When understanding if sexualised trauma has taken place, a therapist or teacher will have to consider issues of consent and be mindful of any misuse of power, particularly if a young person is involved. Sex can become a powerful weapon in the wrong hands.

The impact of sexualised trauma and how therapy can help

In 2010, the Equality Act defined sexualised trauma as: “unwanted conduct of a sexual nature which has the purpose or effect of creating an intimidating, hostile, degrading, humiliating or offensive environment.”

Humiliation is a key aspect of identifying sexualised trauma. Victims commonly feel dirty, they may suffer guilt, shame or even self-blame. In the aftermath clients may be more stressed, more anxious, suffer from panic attacks and feel generally less safe, as well as avoid sexual intimacy or in some cases feel de-valued and become more promiscuous.

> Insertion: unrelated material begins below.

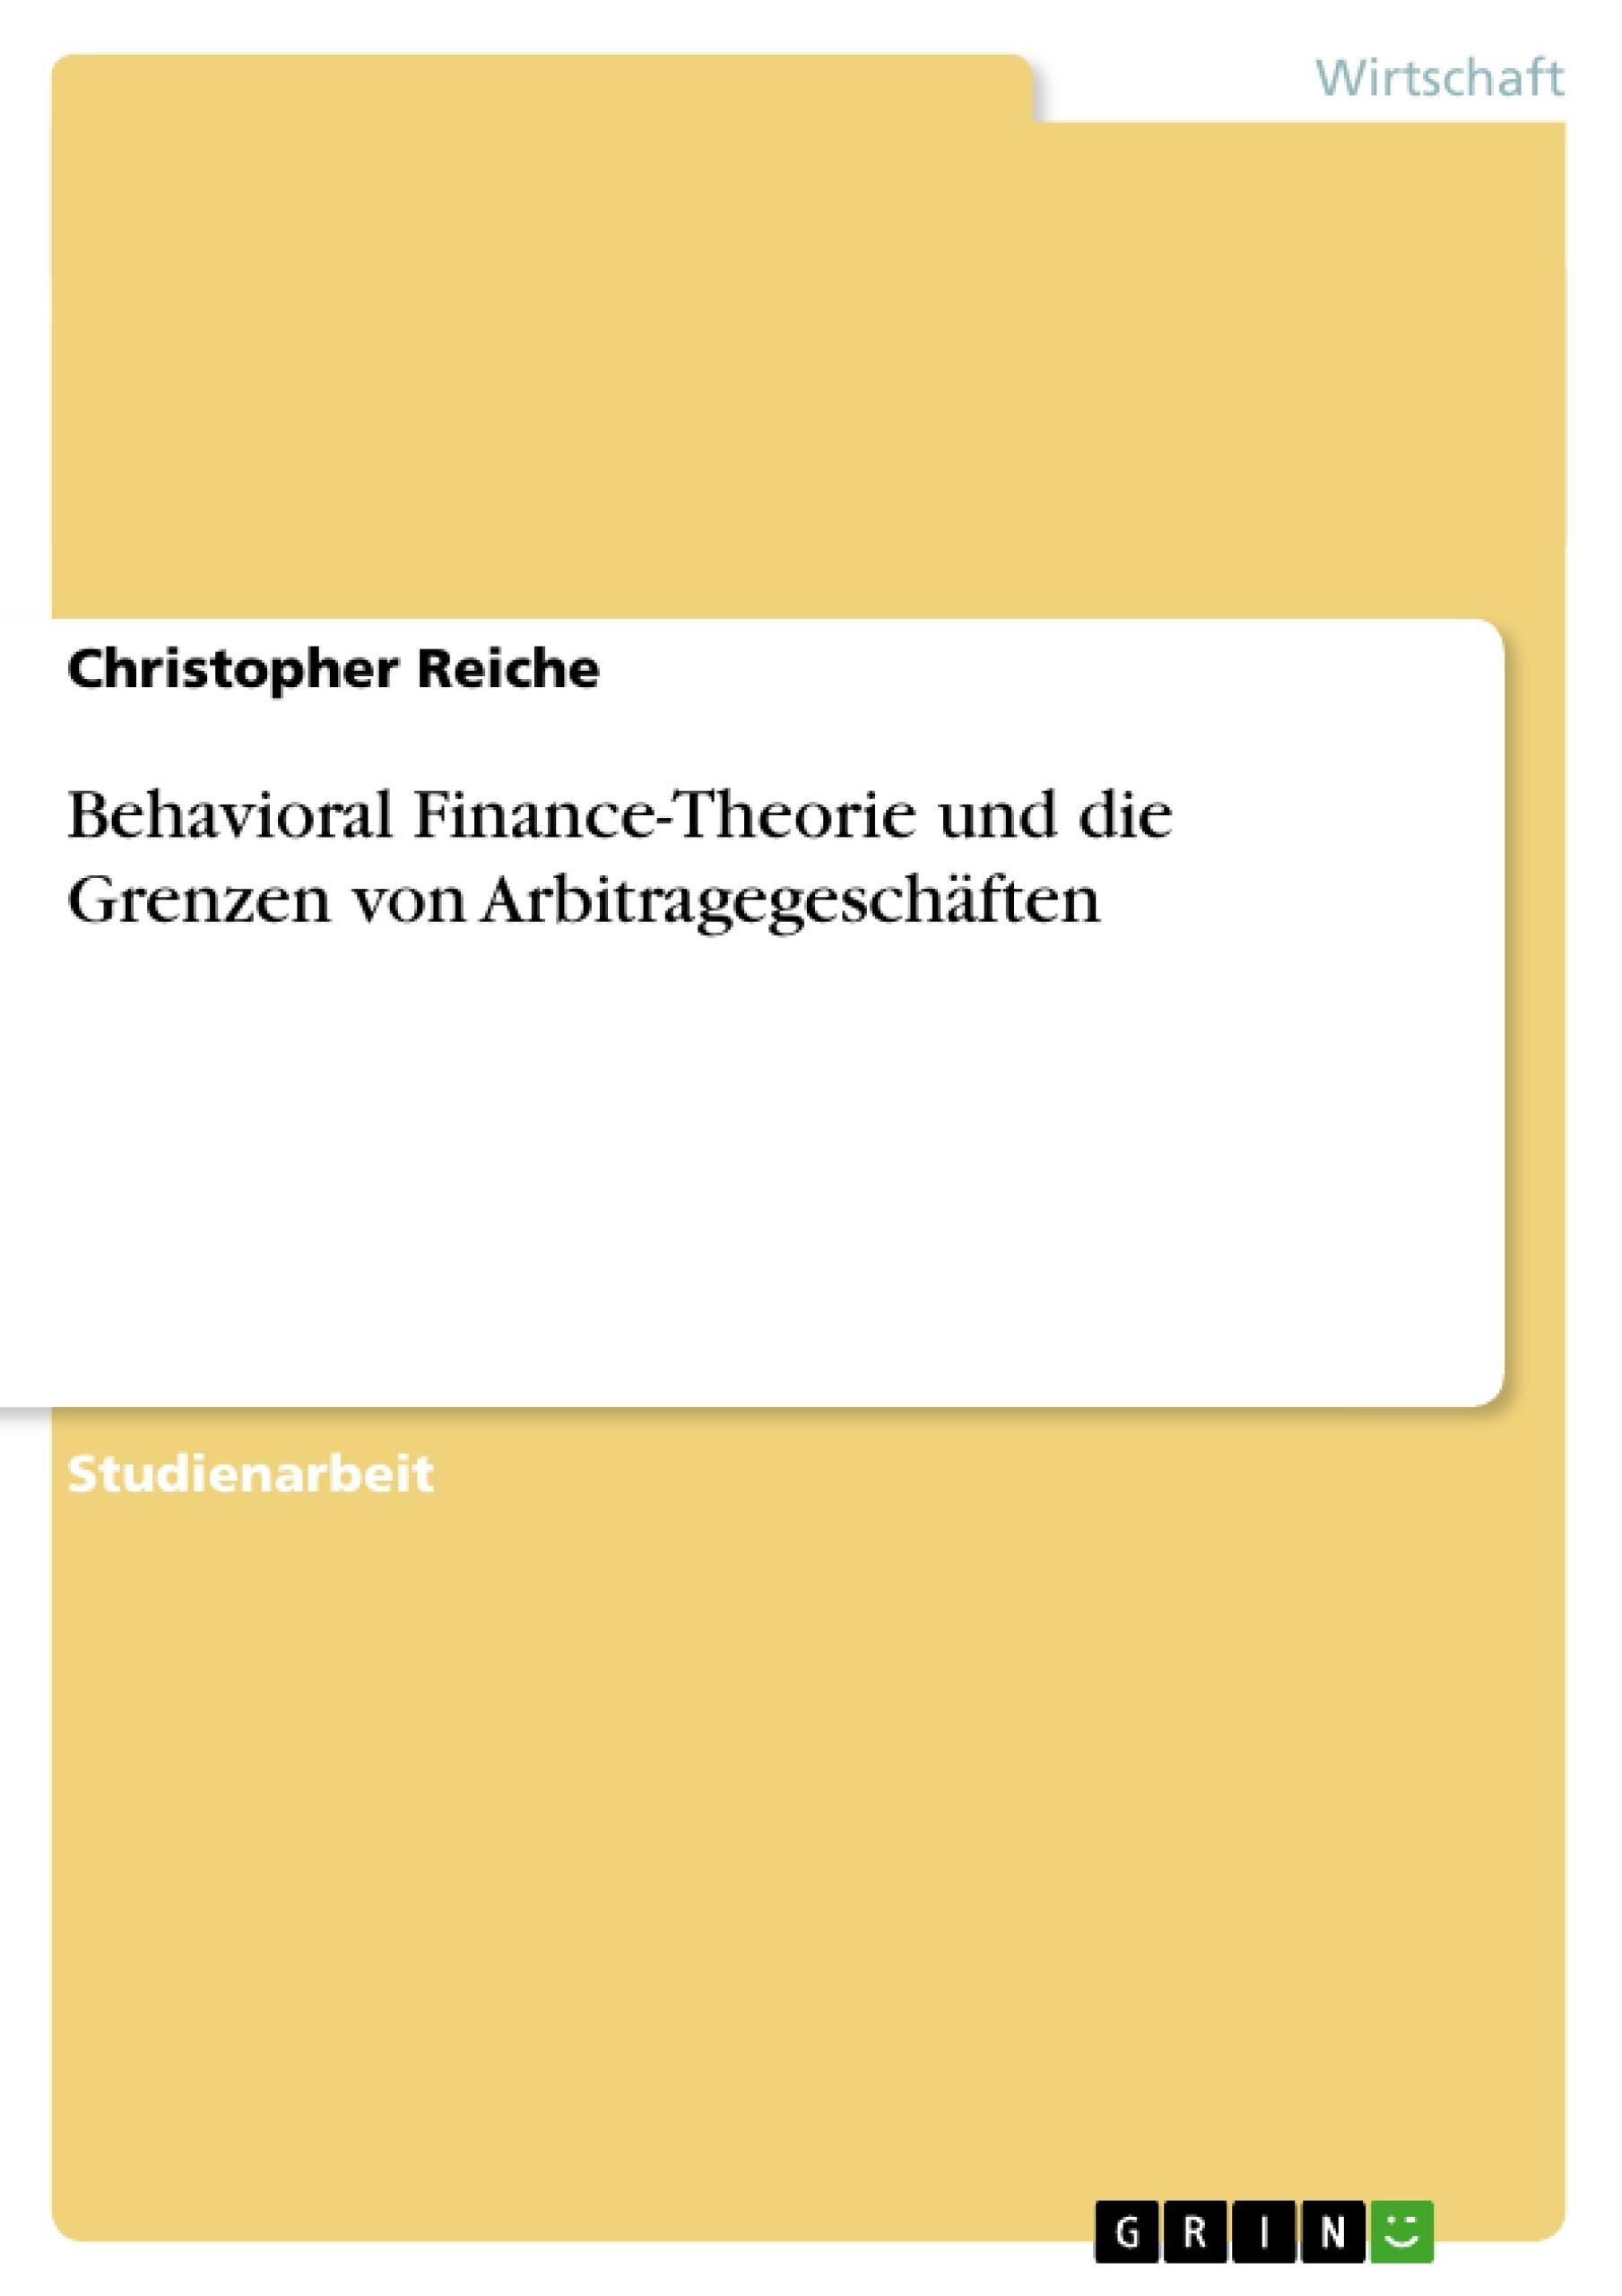 Titel: Behavioral Finance-Theorie und die Grenzen von Arbitragegeschäften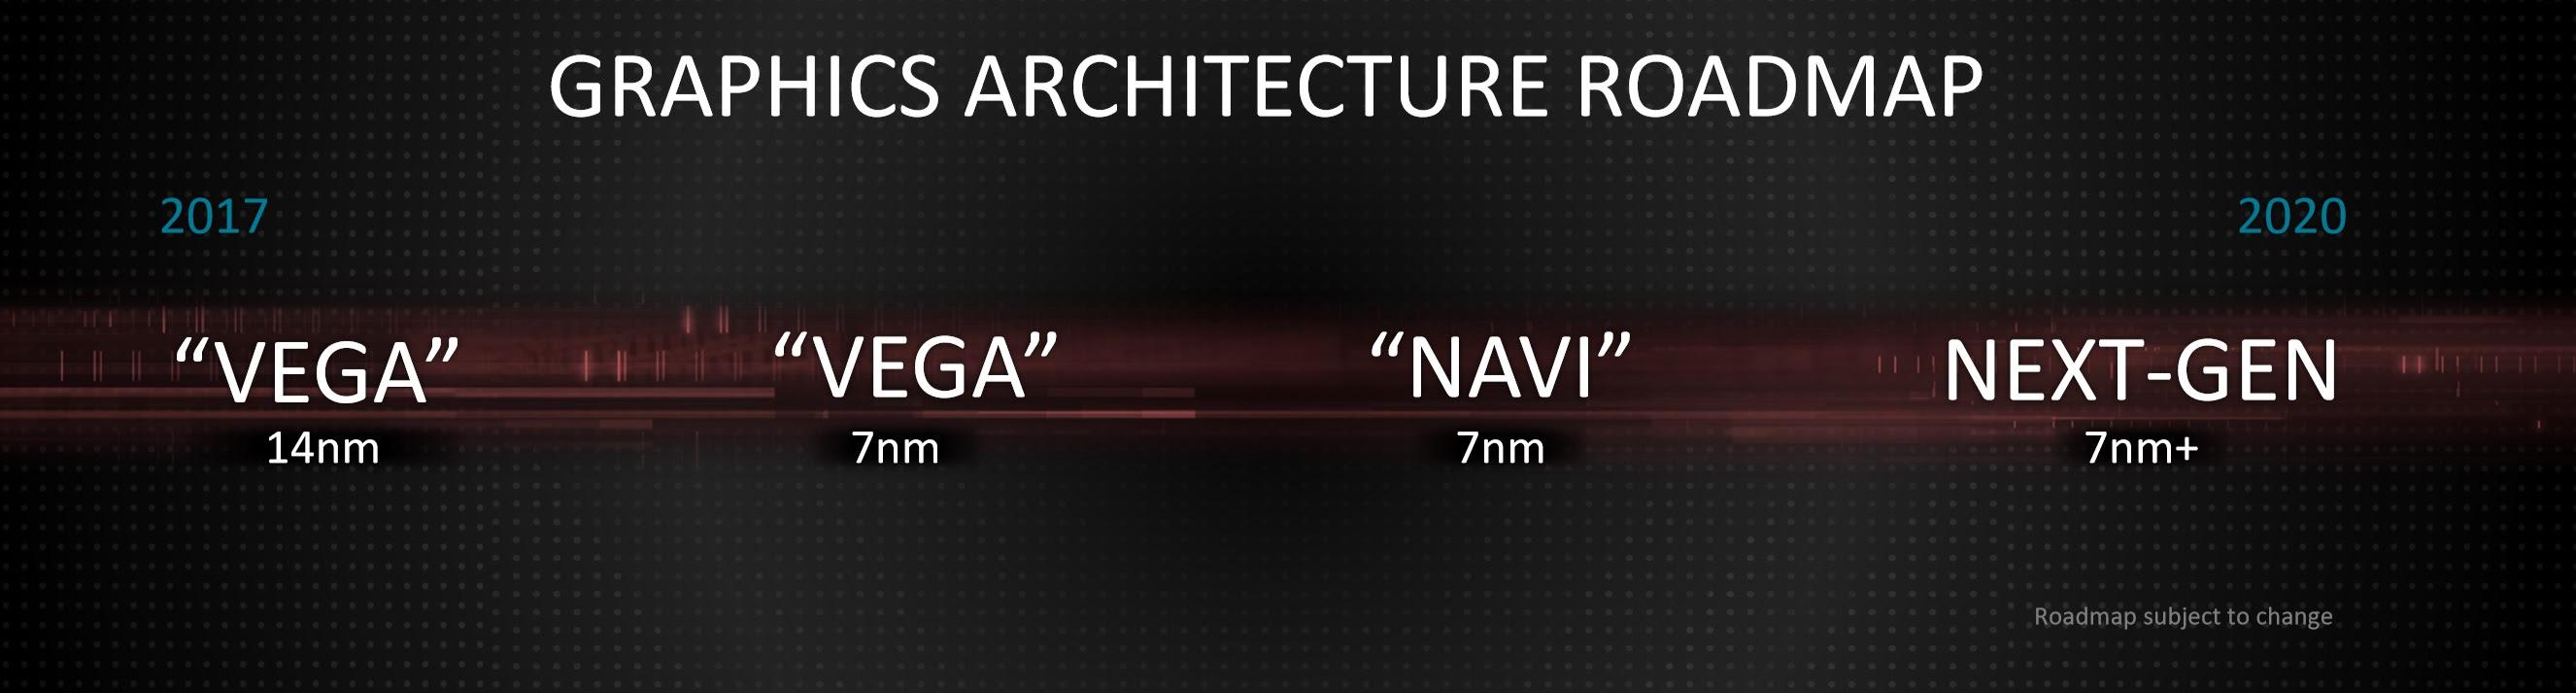 AMD Navi release date, news and rumors

If not addressed quickly after an attack or at the end of an abusive relationship, memories of sexualised trauma can ripple under the surface causing negative effects for years to come.

Some of the reactions are physiological causing changes to the chemicals in the brain resulting in unconscious or unintended behaviours such as aggression, fight or flight, depression, anxiety, panic attacks etc.

Early therapy helps address the roots of the trauma before the neurological pathways change irreparably in negative ways. Anti-depressants may also help to stabilise a traumatised client in the short-term but should not be taken for more than six months and should be monitored by a GP.

To address the root cause of the trauma, therapy provides a confidential space that a client pays for which is safe and non-judgemental. It’s a place for clients to unpack the cocktail of emotions outlined above. Therapists may find that recent experiences of sexualised trauma trigger childhood trauma or deficits in client’s attachment too, although most therapy is now person-centred.

Clients can talk freely about their fears, shame, self-blame and any flashbacks, insomnia, anxiety and panic attacks. They will address the root causes by calmly and safely re-living the attack, accompanied, not alone, in a therapeutic setting.

The aim is to look at the facts of the attack and make them conscious to prevent the unconscious from anticipating threats that are not there and imagining false scenarios which hold the client captive in dark places.

A skilled therapist will conclude every session to make sure the client does not dwell on the attack after the session and to reduce the likelihood of unsupervised flashbacks.

Ultimately in every therapeutic relationship you want to reach the point, after months, often years of tears, transference and/or in the film aggression, summed up in Good Will Hunting: When the therapist, (Robin Williams) embraces Matt Damon (his client) and simply says: “It’s not your fault.”